A Chinese cybersecurity firm has claimed AI-driven vulnerability discovery capabilities that approach the scale of those attributed to Anthropic’s Claude Mythos, according to Eugenio Benincasa, an ETH Zurich cybersecurity researcher focusing on China.
360 Digital Security Group’s claims centre on an internally developed Multi-Agent Collaborative Vulnerability Discovery System, which contributed to roughly half of the vulnerabilities it identified at the Tianfu Cup, a major hacking competition, totalling close to 1,000 vulnerabilities. The firm says the effort uncovered more than 50 high-severity flaws across Windows, Microsoft Office, Android, OpenClaw, IoT devices and other products, with a particularly striking claim around CVE-2026-32190 in Office.

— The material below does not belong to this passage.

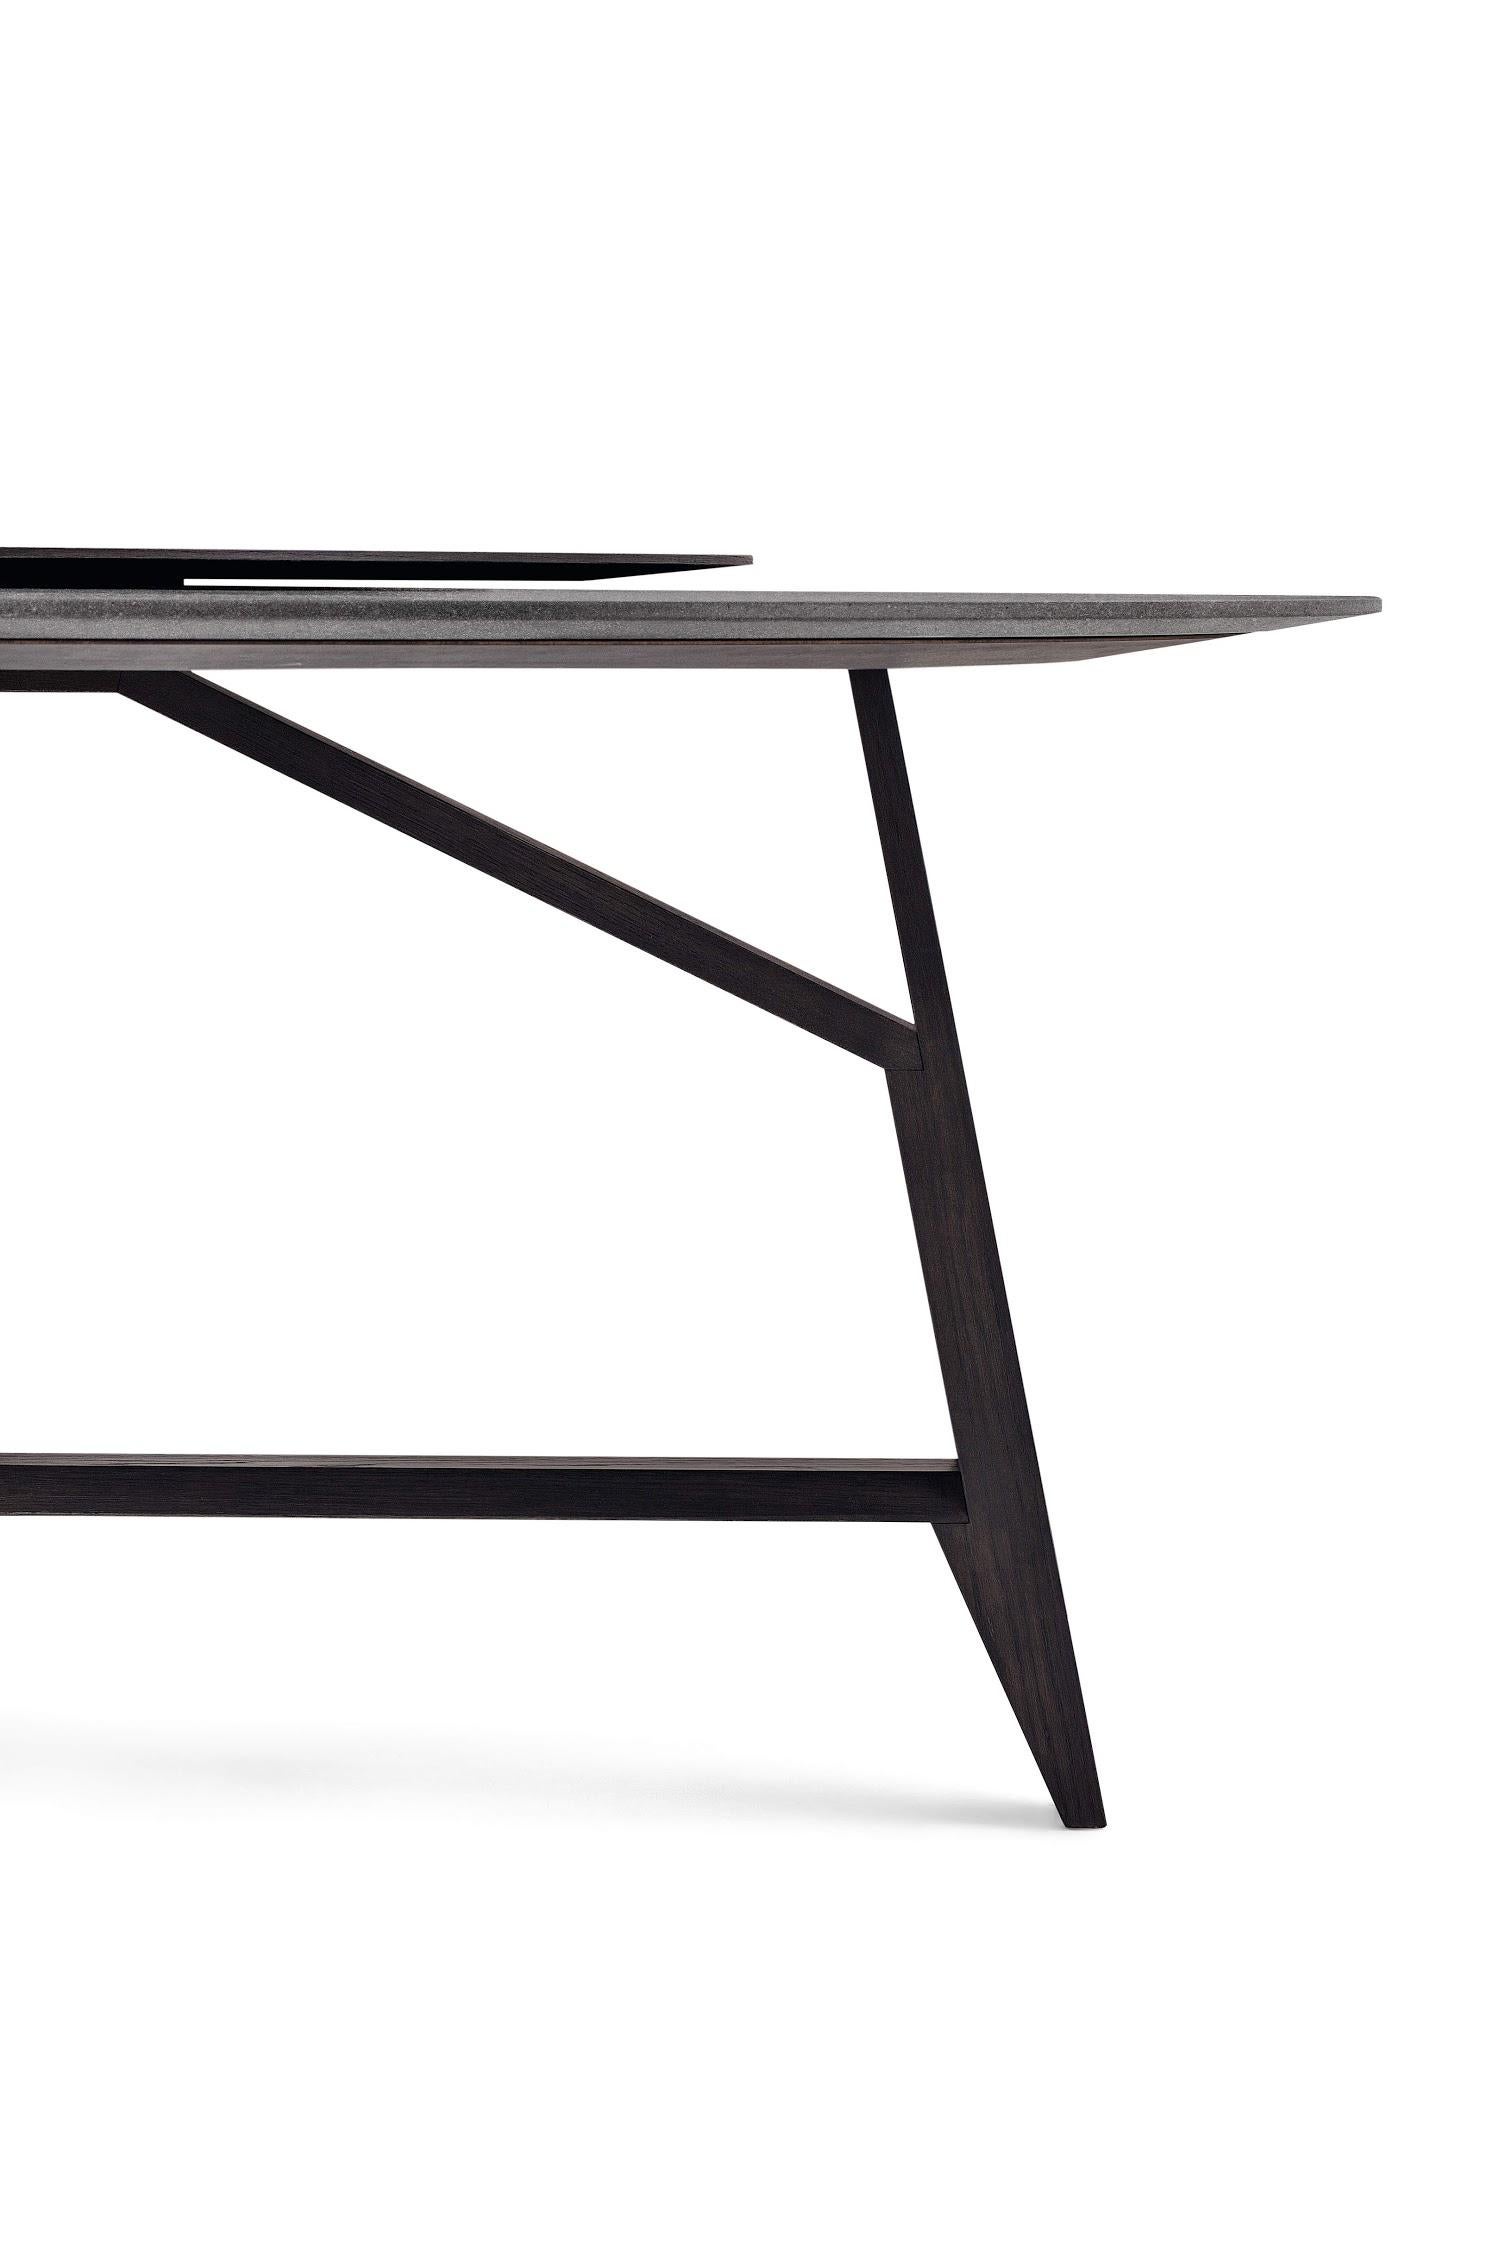 Controvento Table in Charcoal Gray with Revolving Tray by Busnelli im Angebot 1

A separate Windows kernel vulnerability (CVE-2026-24293) was credited by Microsoft to researchers from Taiwan and South Korea, casting doubt on 360’s claim. Benincasa cautions that while the AI capabilities appear significant, they do not yet match the reasoning described for Claude Mythos, with some suggesting Google’s Big Sleep as a closer comparator.
He also notes Chinese legislation requires vulnerabilities to be reported to government agencies before disclosure, which may influence how elite security research is channelled.